Elektrotları optik vezikülün her iki tarafına yerleştirin, elektrotların embriyoya veya kan damarlarına temas etmemesini sağlayın, ardından darbeli elektrik alanları uygulayın. Elektroporasyon tamamlandıktan sonra elektrotları çıkarın ve albümin birikimini önlemek için elektrotları suya batırılmış steril bir pamuklu çubukla nazikçe temizleyin.
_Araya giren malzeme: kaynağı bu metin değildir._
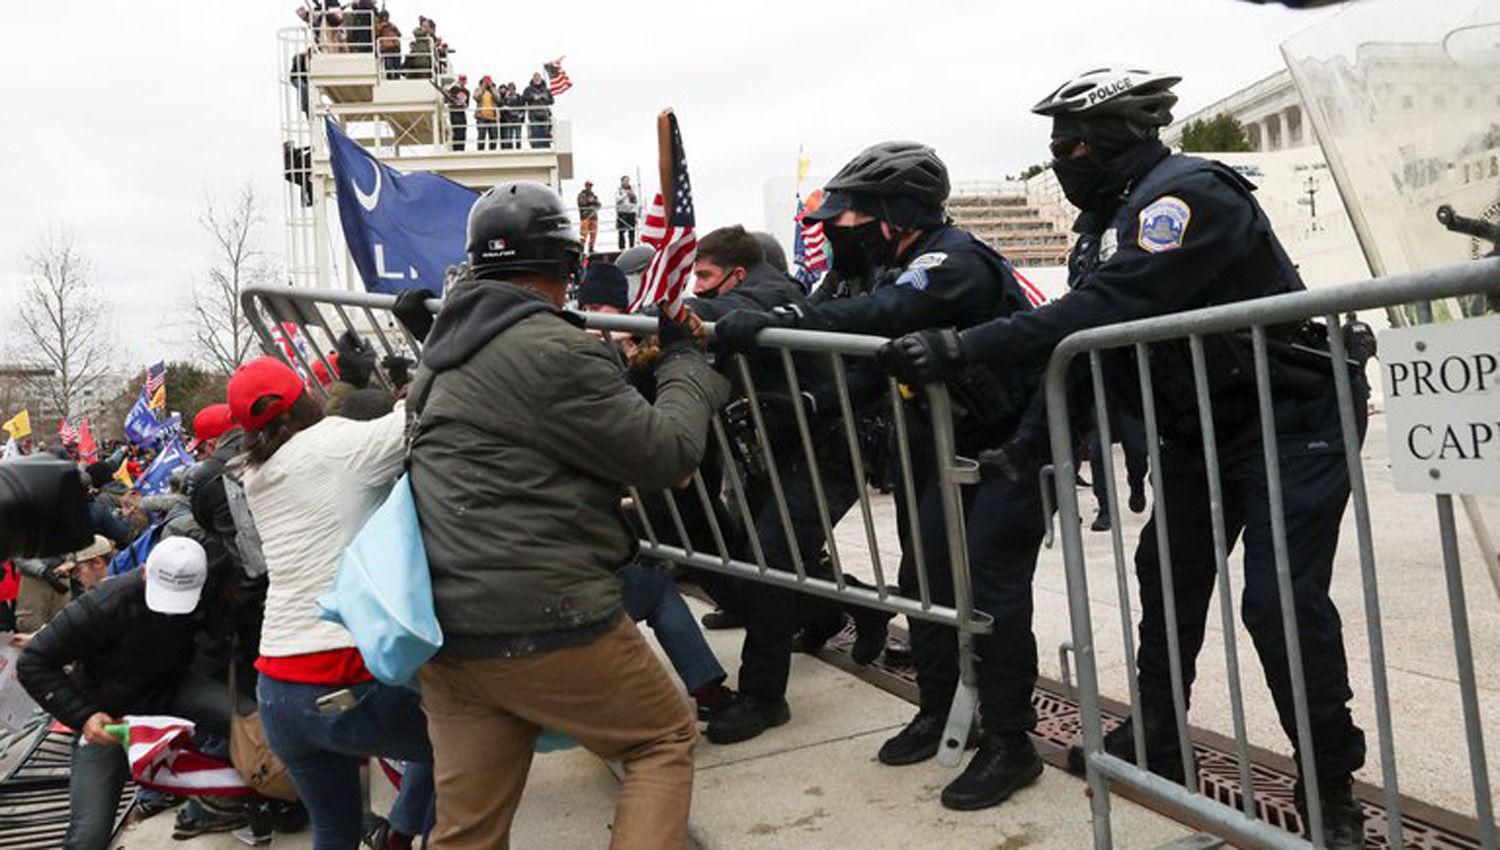 Partidarios de Trump se enfrentaron con la policiacutea durante protestas en Washington

Pencereyi bantla kapatın ve embriyoyu istenen gelişim aşamasına kadar yeniden inkübe edin.
Bireysel pre-mikroRNA dizilerinin HEK293T hücrelerini eksprese eden Nel AP'ye transfeksiyonu, 482 ila 502, 910 ila 930 ve 2461 ila 2481 nükleotidlerine karşı yapılar tarafından Nel ekspresyonunun önemli ölçüde baskılanmasına neden oldu. İki mikroRNA dizisinin zincirlenmesi, yıkım verimliliğini önemli ölçüde artırdı. Her üç kombinasyon da, zincirlenmemiş bireysel mikroRNA öncesi dizilere kıyasla gelişmiş baskılama aktiviteleri gösterdi.
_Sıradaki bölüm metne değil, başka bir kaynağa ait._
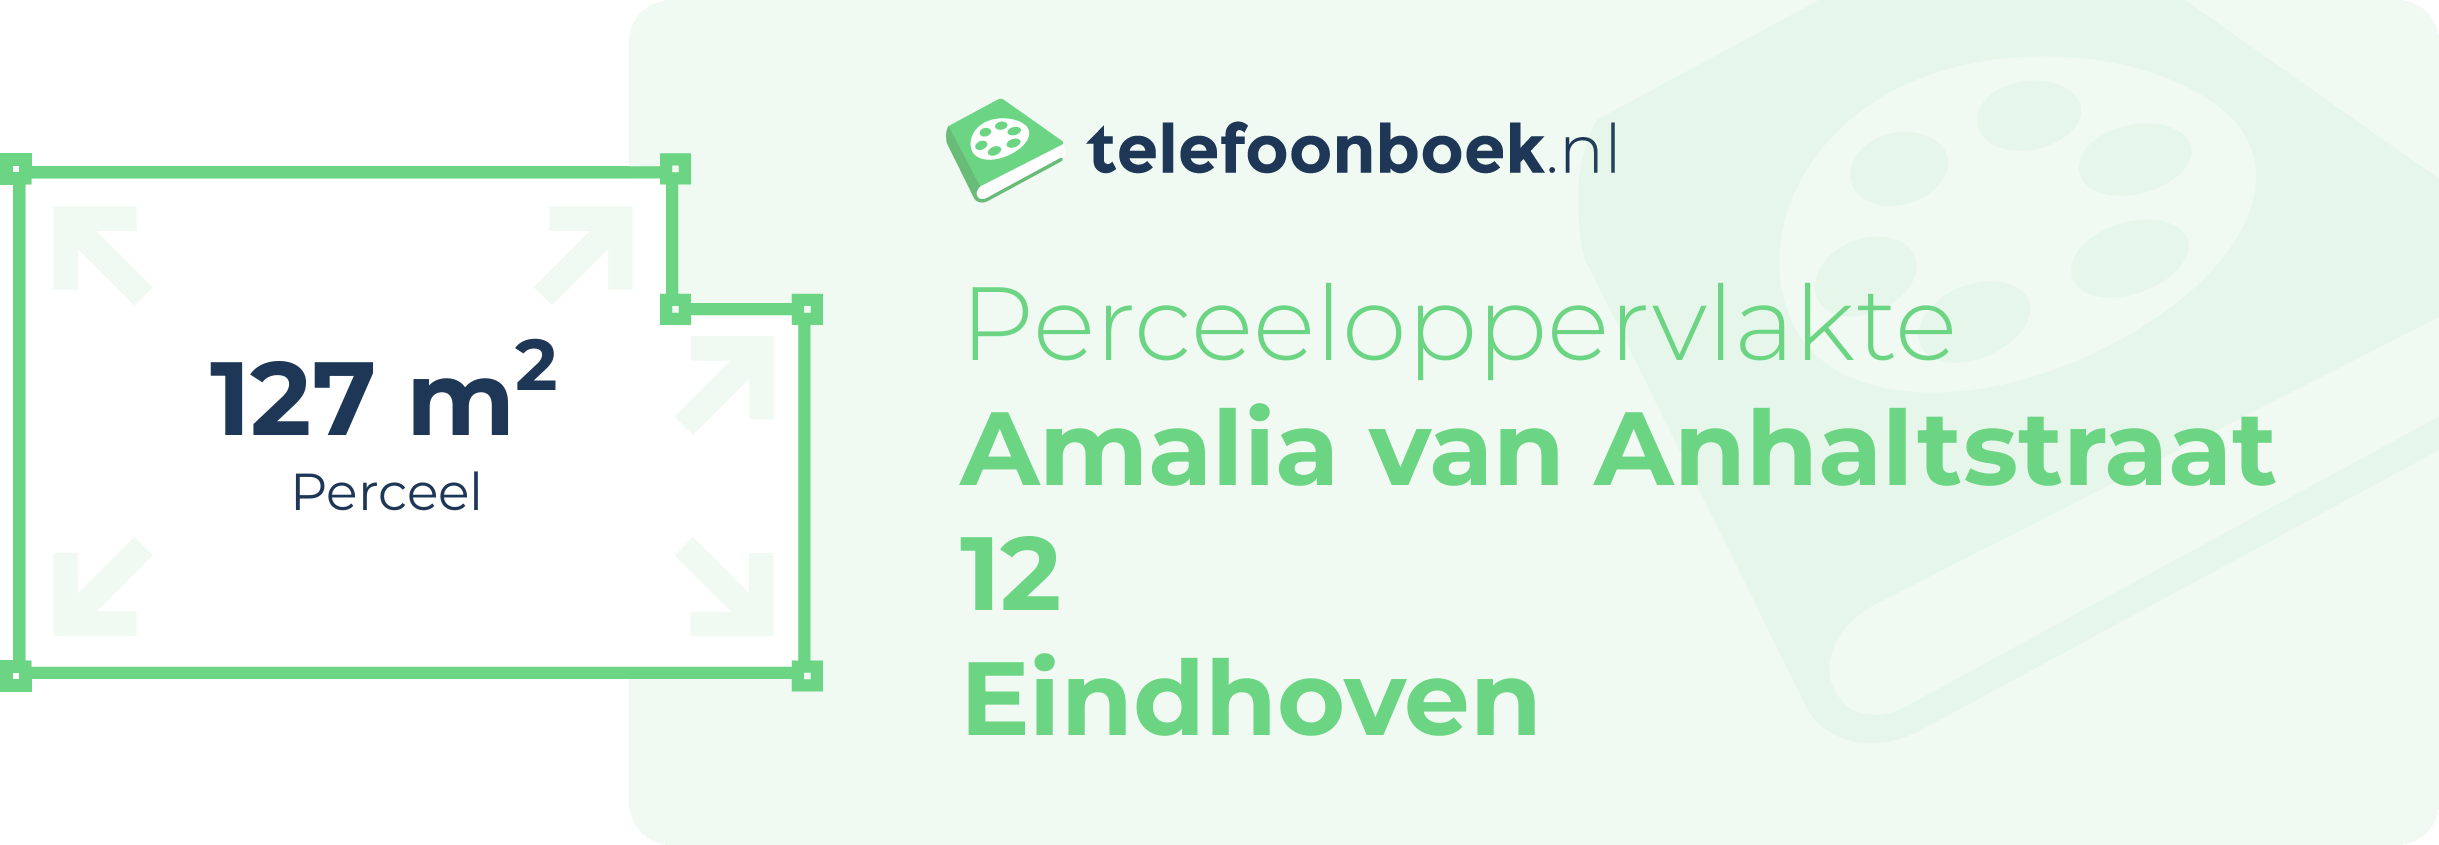 Perceeloppervlakte Amalia Van Anhaltstraat 12 Eindhoven

Transfeksiyondan en az 13 gün sonra sağlam supresyon gözlendi. 482 ila 502 ve 2461 ila 2481 nükleotidlerini hedefleyen bir Nel pre-mikroRNA yapısı, transpozaz ekspresyon vektörü ile civciv retinasına birlikte transfekte edildiğinde, retinal pigment epitelindeki Nel ekspresyonu, embriyonik gün 4.5'te zümrüt GFP eksprese eden hücrelerde önemli ölçüde azaldı. Sekiz günlük embriyolarda, retinal ganglion hücrelerinde Nel ekspresyonu da azaldı.
Buna karşılık, retinadaki Nel ekspresyonu, kontrol mikroRNA'sının girişinden etkilenmedi. Bu işlemi takiben, hücre proliferasyonu ve farklılaşması, hücre ölümü, hücre ve akson takibi gibi çeşitli yöntemler kullanılarak hedef gen baskılanması üzerindeki etkiler incelenebilir.